*Given material*:
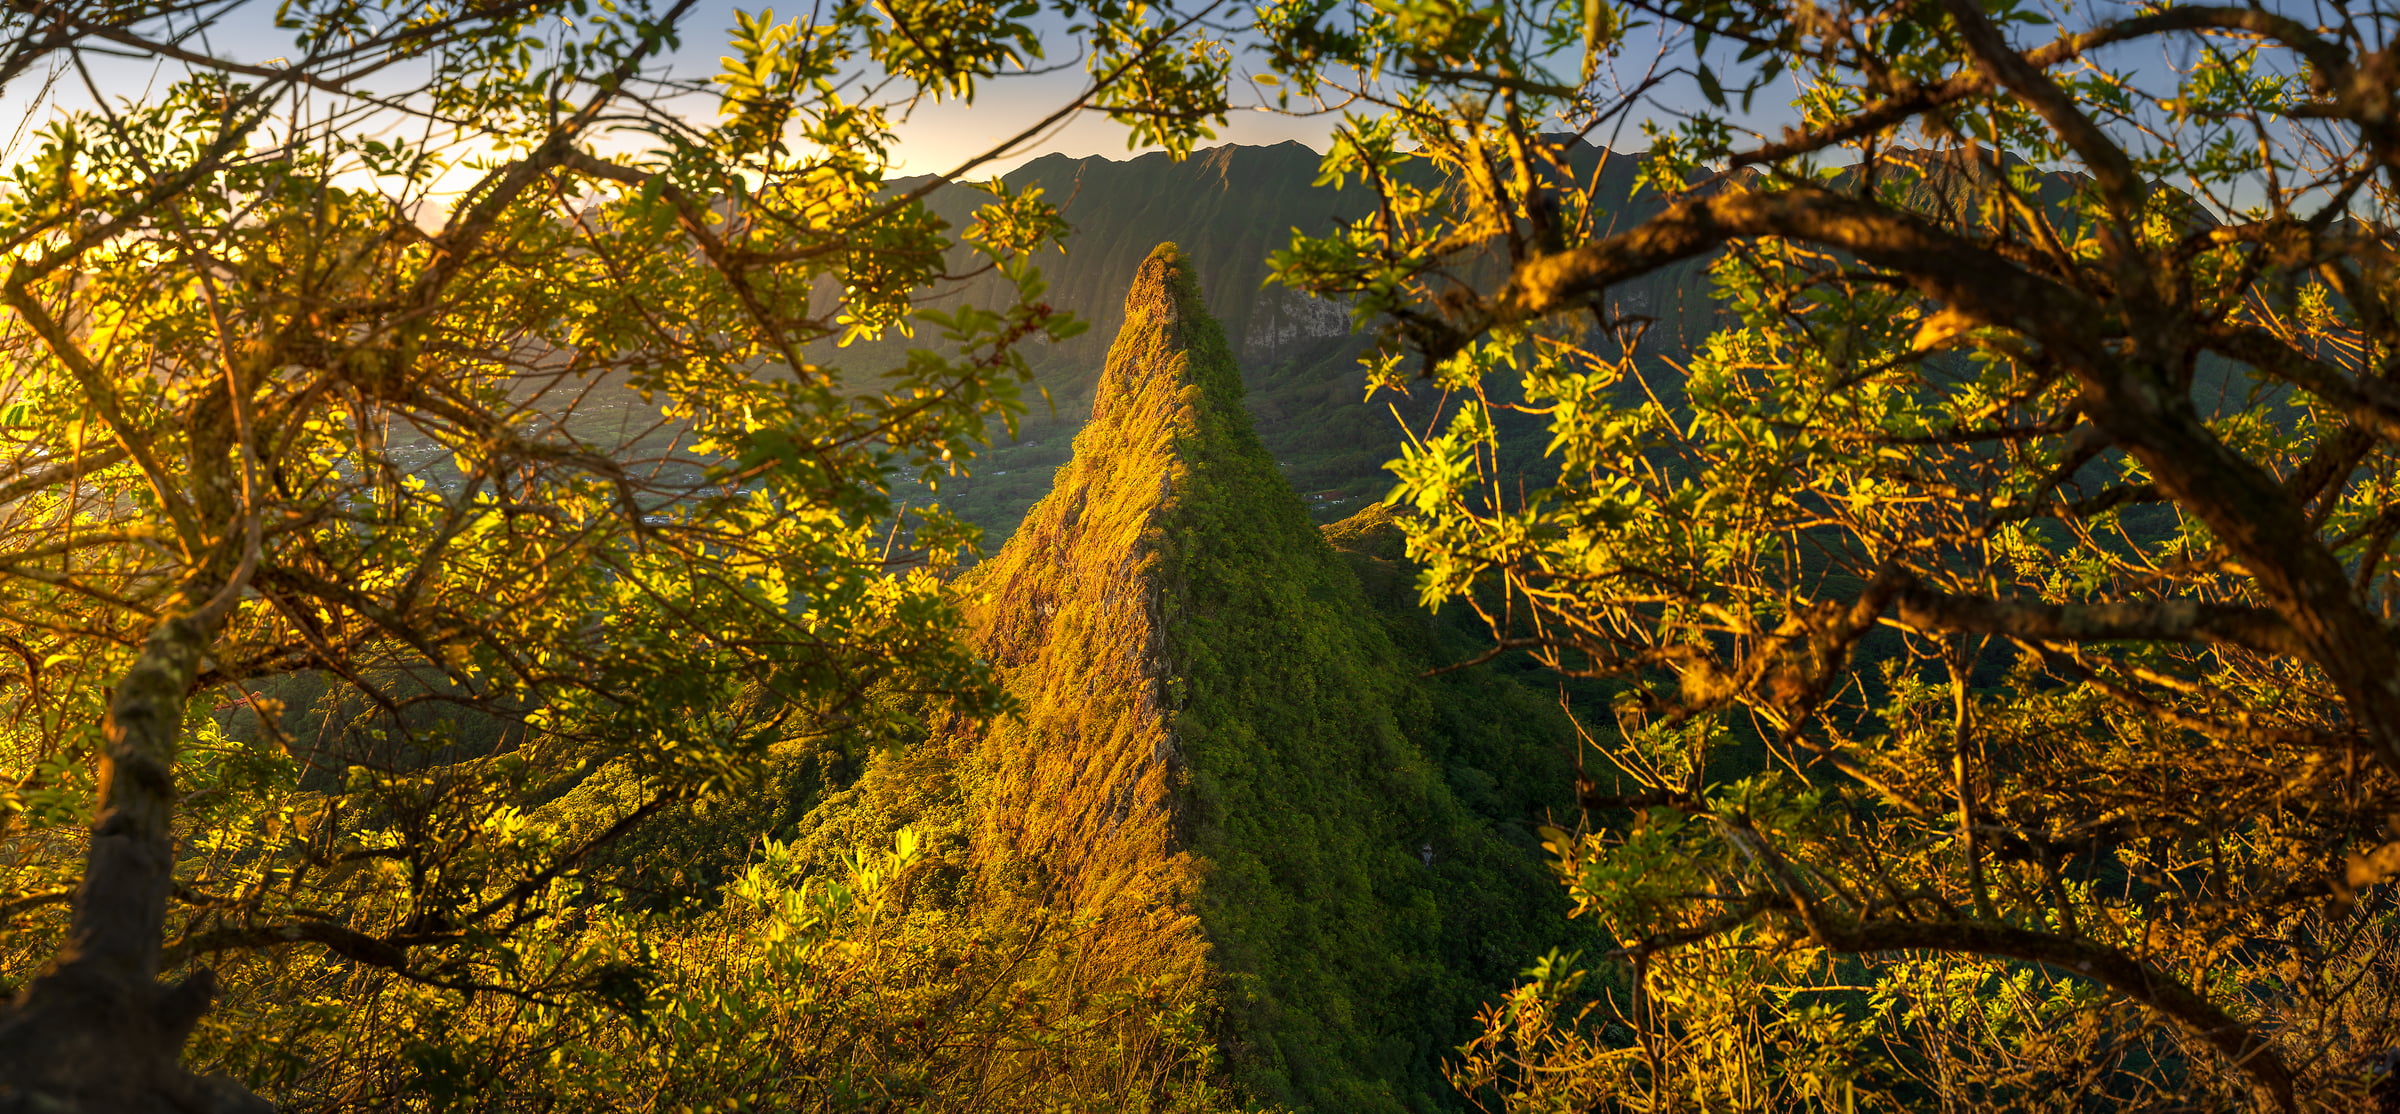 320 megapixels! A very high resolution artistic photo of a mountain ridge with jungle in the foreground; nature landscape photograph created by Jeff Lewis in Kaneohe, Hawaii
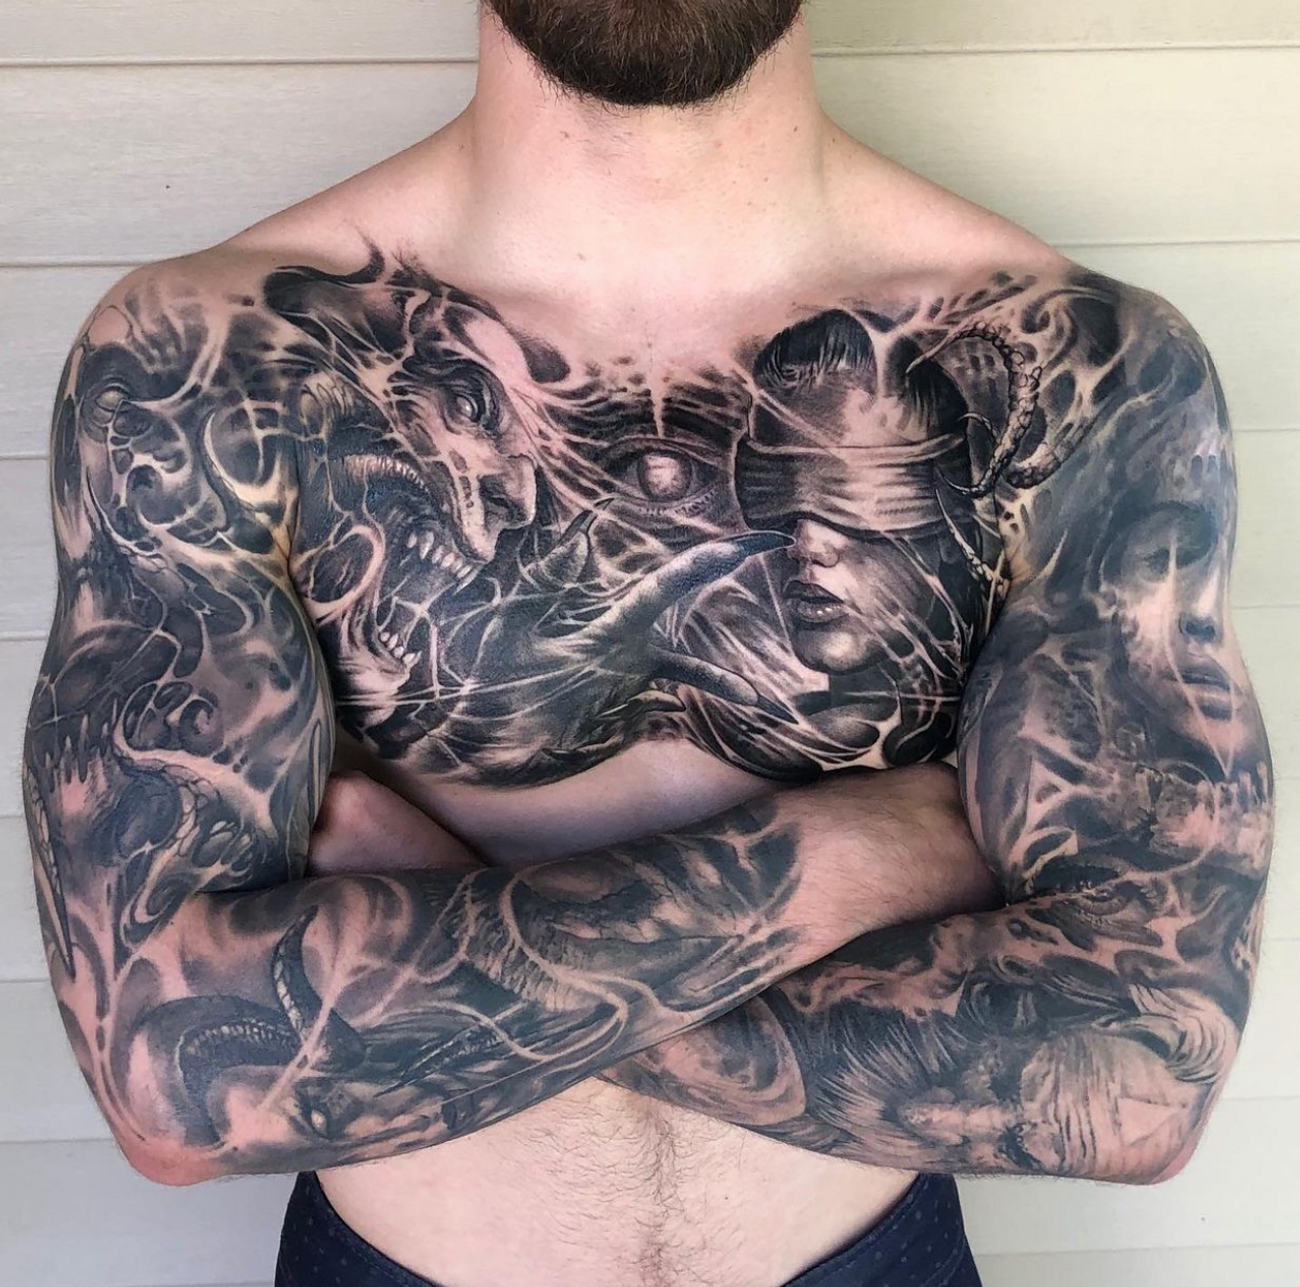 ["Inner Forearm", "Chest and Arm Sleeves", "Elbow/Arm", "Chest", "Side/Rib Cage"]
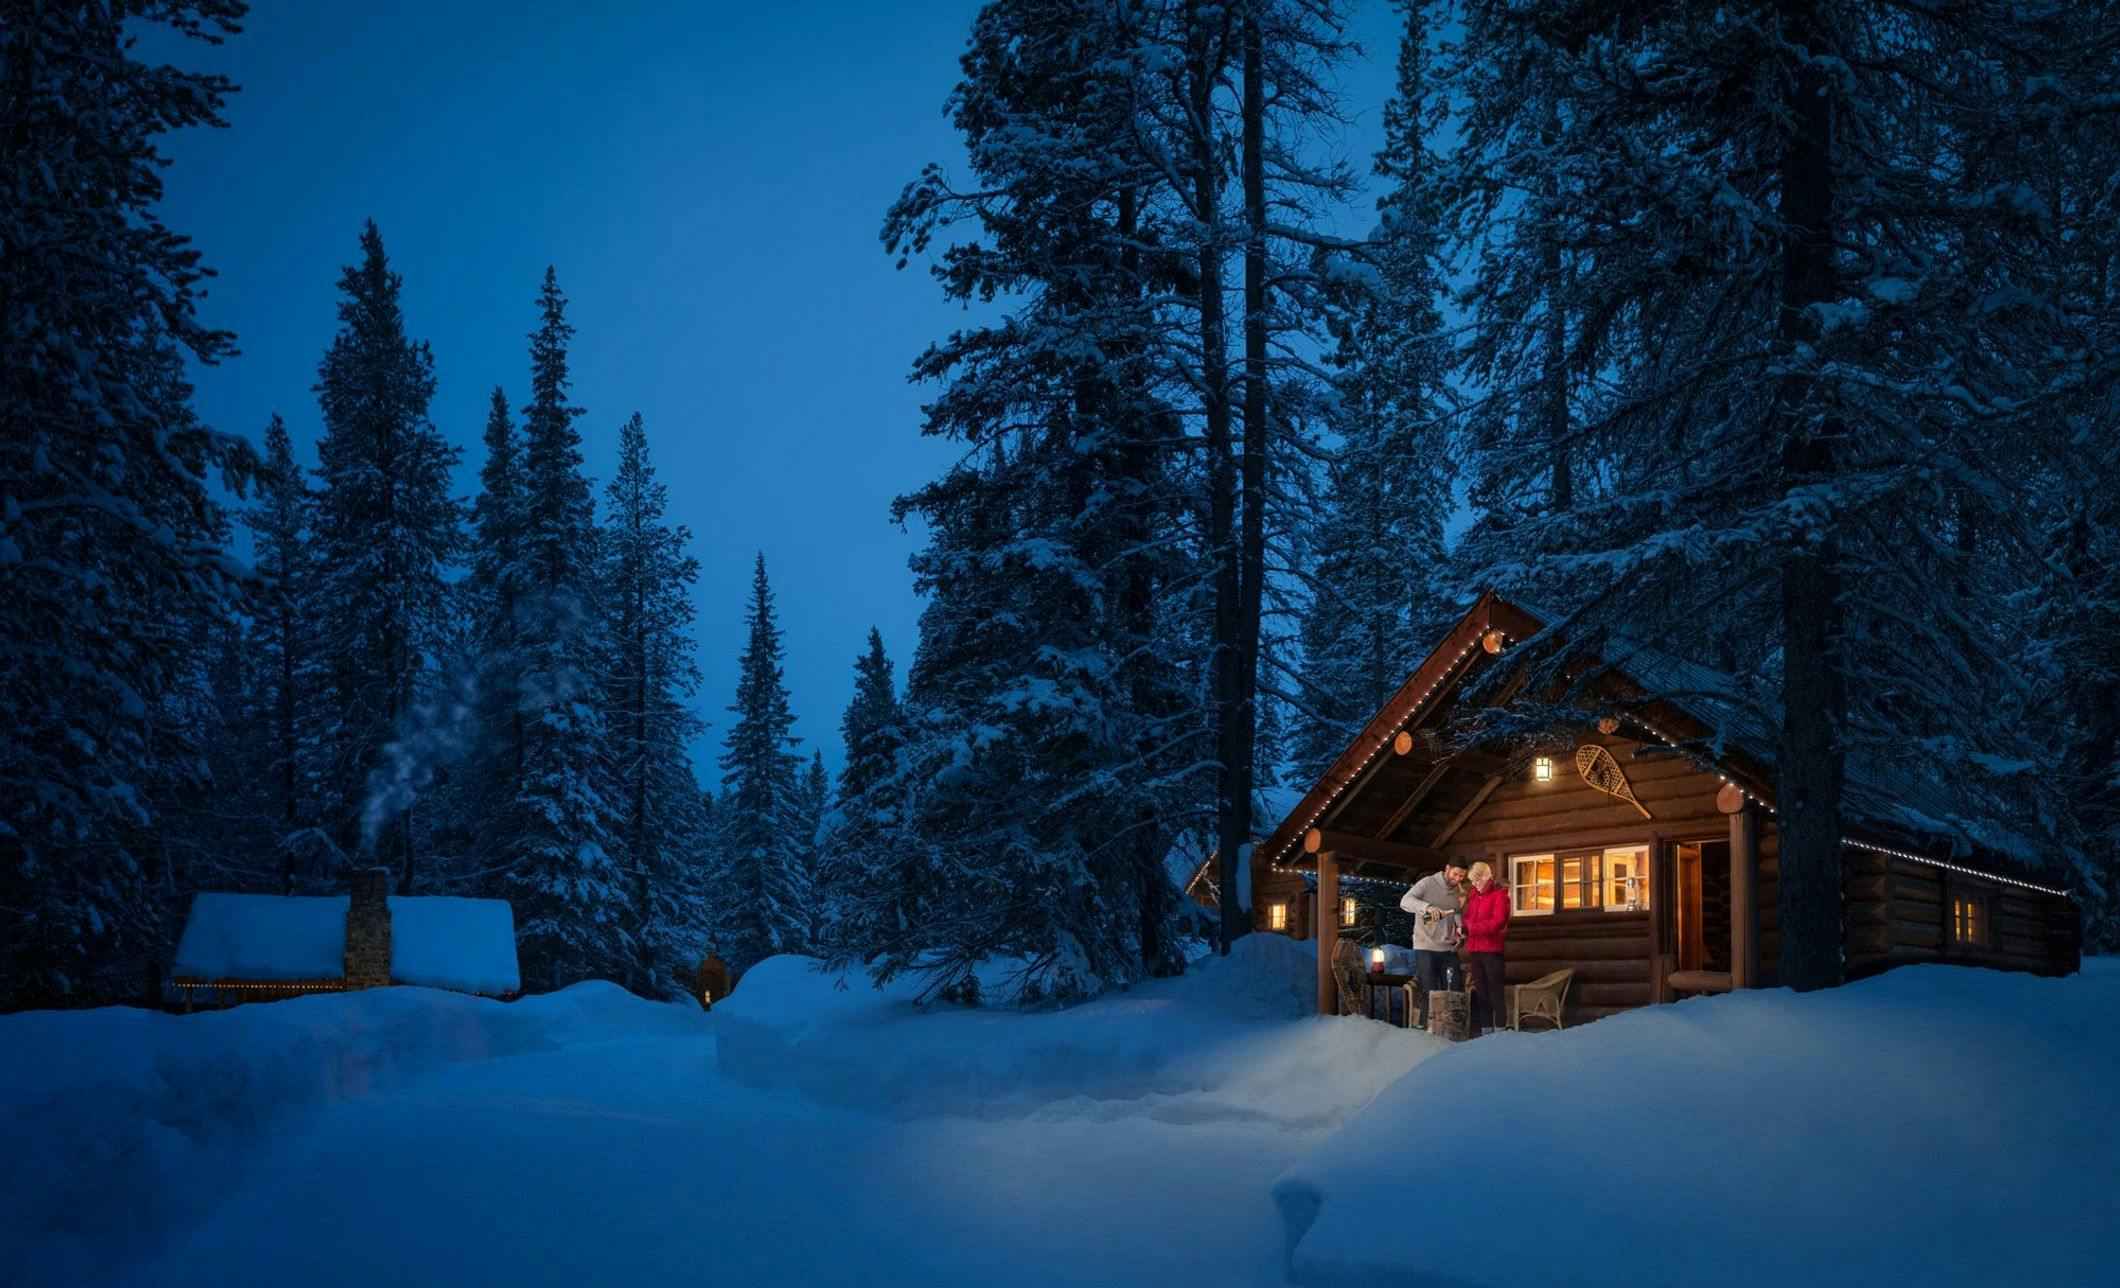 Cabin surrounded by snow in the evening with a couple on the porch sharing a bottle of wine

*How to complete this task*: Omit the pictures, then quote the rest of the material above exactly.

*Written response*:
 320 megapixels! A very high resolution artistic photo of a mountain ridge with jungle in the foreground; nature landscape photograph created by Jeff Lewis in Kaneohe, Hawaii
 ["Inner Forearm", "Chest and Arm Sleeves", "Elbow/Arm", "Chest", "Side/Rib Cage"]
 Cabin surrounded by snow in the evening with a couple on the porch sharing a bottle of wine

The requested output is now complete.